Beware Every Kind of Greed
Posted previously at SI on June 13, 2008. Reprinted with permission from As I See It. AISI is sent free to all who request it by writing to the editor at dkutilek@juno.com.
It is now some dozen years, perhaps more, since I heard a professor from Dallas Theological Seminary, a Dr. Green as I recall, preach at a missions conference in Wichita. His text was the famous parable of the rich fool (Luke 12:13-21), who planned to tear down his barns to build bigger ones for his surplus crops. He supposed that with his material needs abundantly provided for, he was on easy street and would enjoy a long and relaxing retirement, only to face death that very night.
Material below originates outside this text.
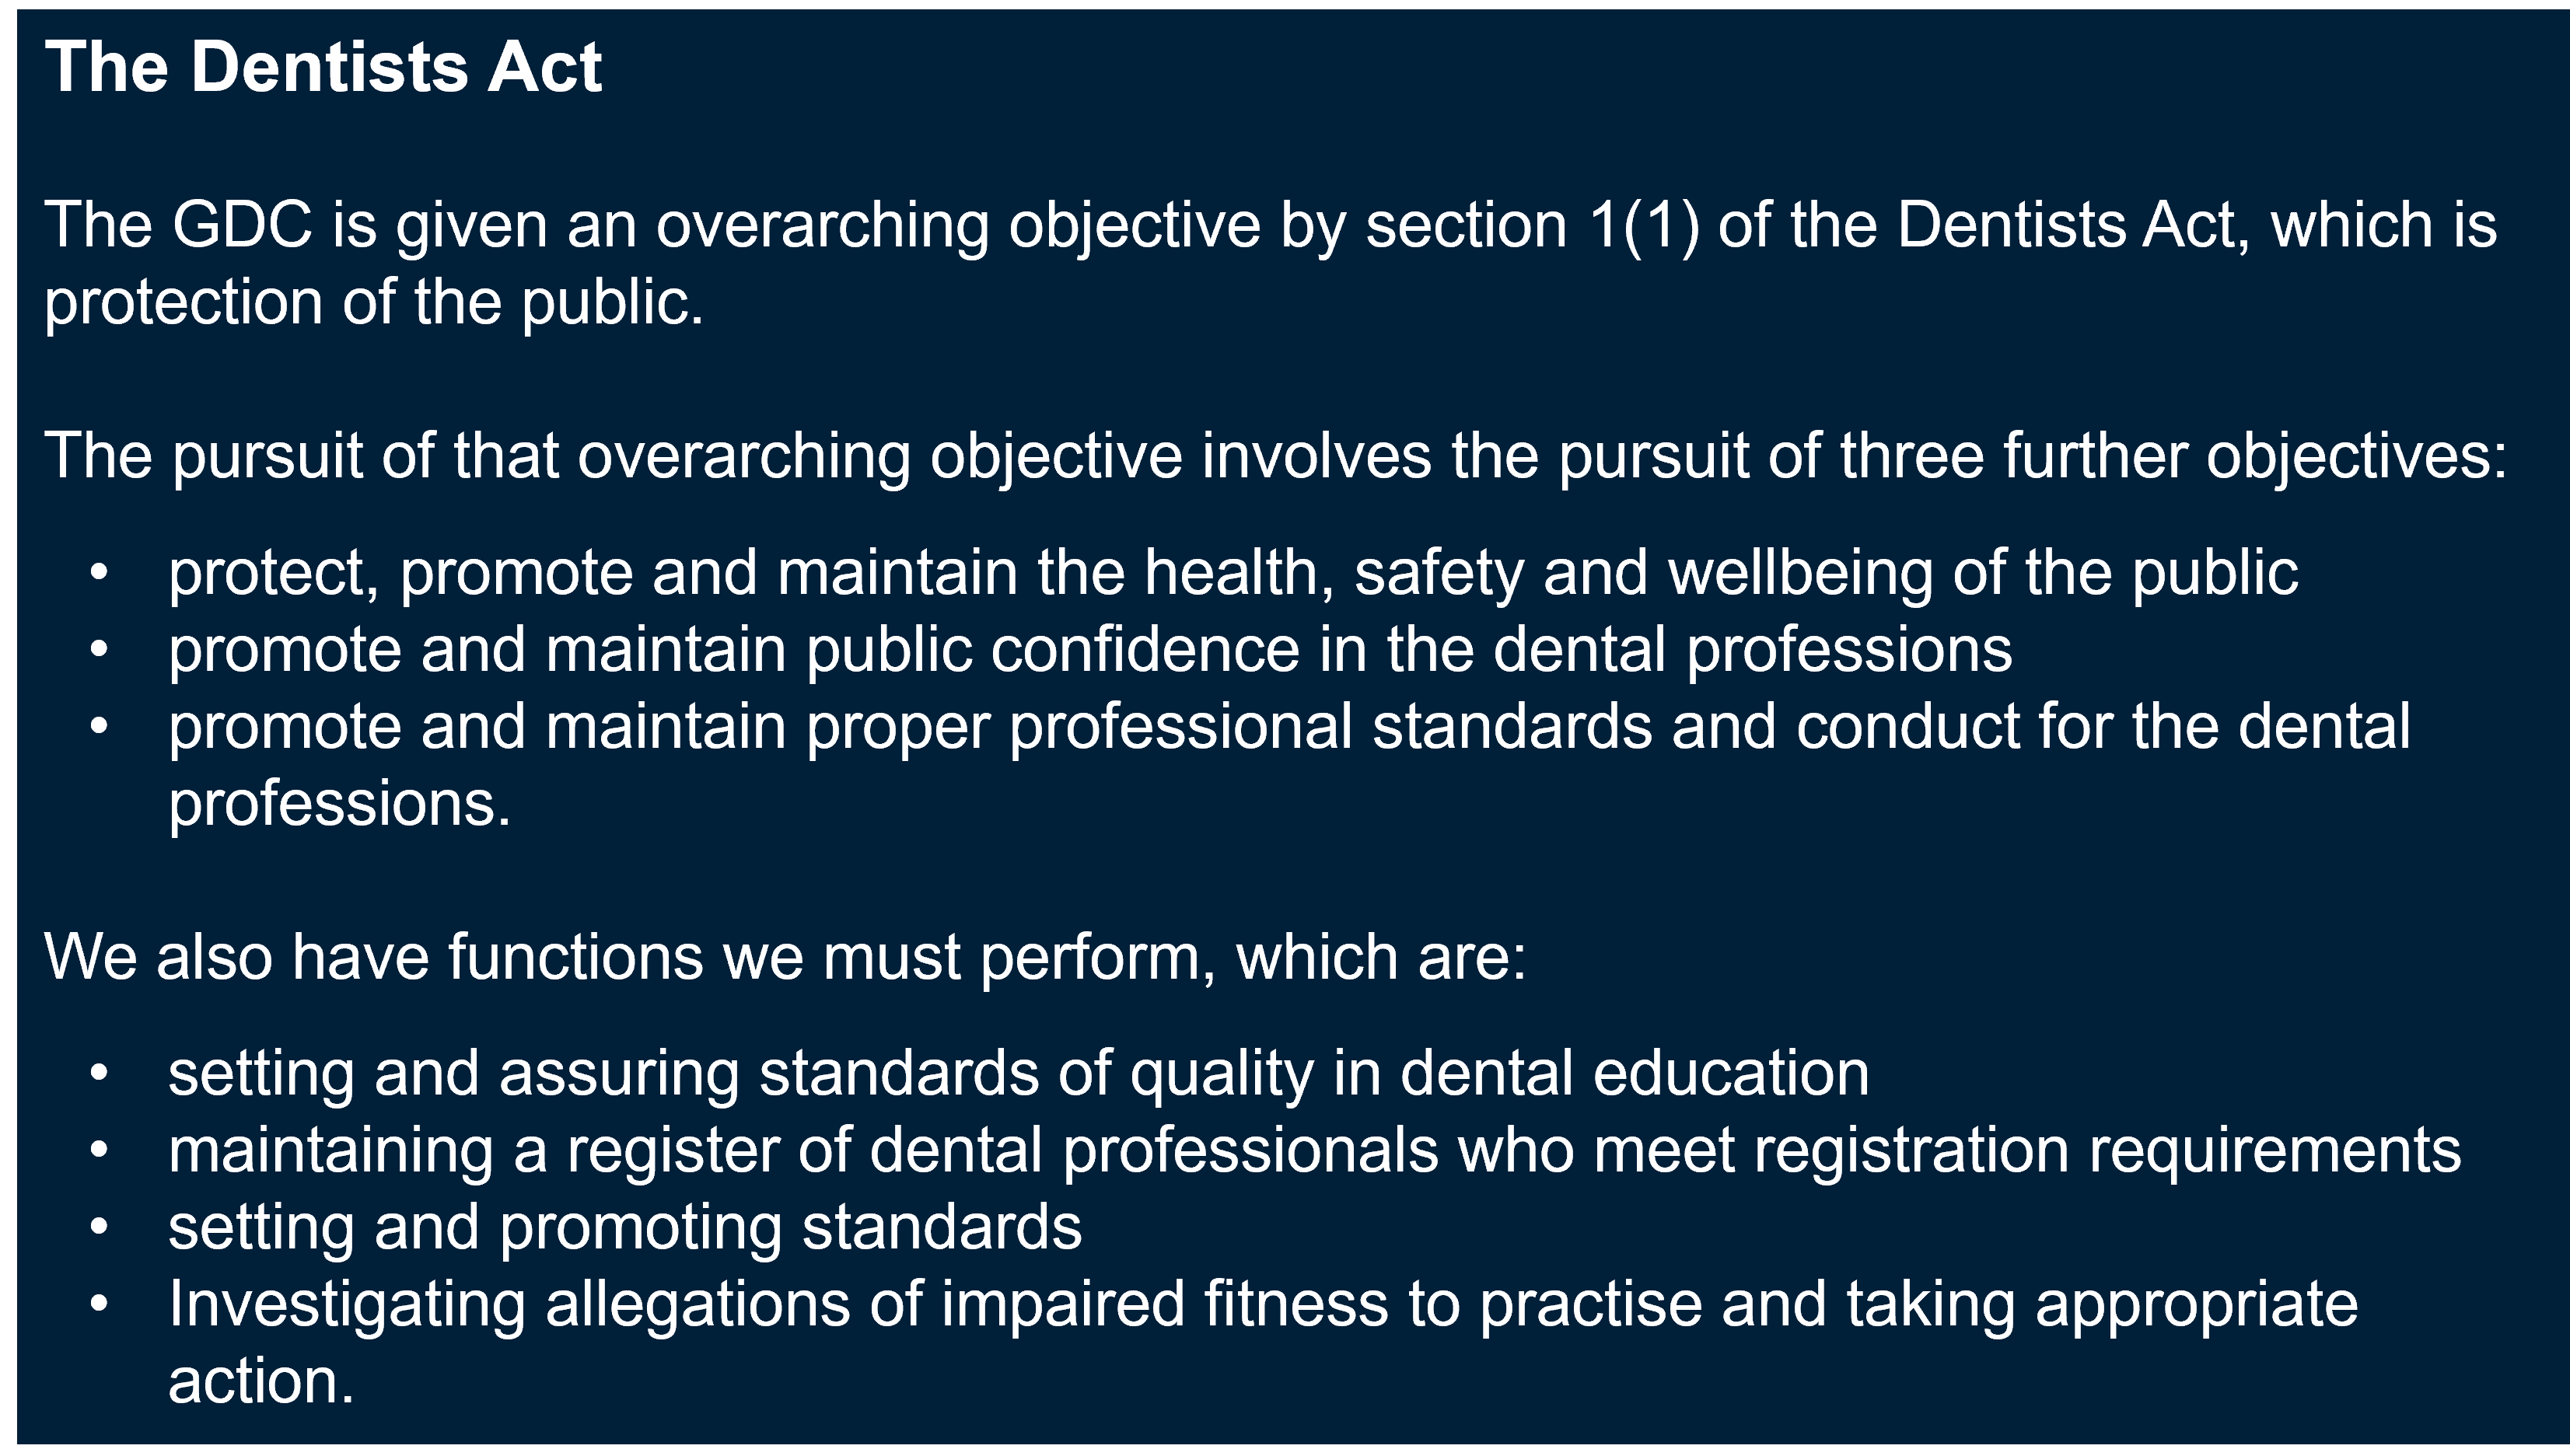 Setting out section 1 of the Dentists Act 1984 as amended, the statutory objectives of the General Dental Council

But rather than making the usual application of the passage to those lost persons who are preoccupied with this world’s goods to the neglect of their own soul’s eternal welfare, the professor made a pointed application to the life of believers, an application that after more than a decade I cannot drive from my mind. It was as follows:
We believers know Christ and know in theory the completely transitory nature of all our worldly goods and the express command from Christ not to focus our energies on amassing possessions in this life, but rather to focus on accumulating an ever-growing treasure in heaven. For all that, we nevertheless for the most part act exactly like the rich fool! We set before us as our chief aim the piling up of wealth and possessions with a preoccupation with houses and lands, with cars and fine clothes, with bank accounts and 401k’s. And whenever God blesses us with an increase in income or an inheritance, we automatically assume that God intends for us to spend all the increase on ourselves with yet more luxury; more vacations; and a yet larger, more palatial dwelling. “Let us tear down our barns and build bigger!” When is enough enough? When does our self-focused spending become that greed of which Jesus warned? When does it become sin?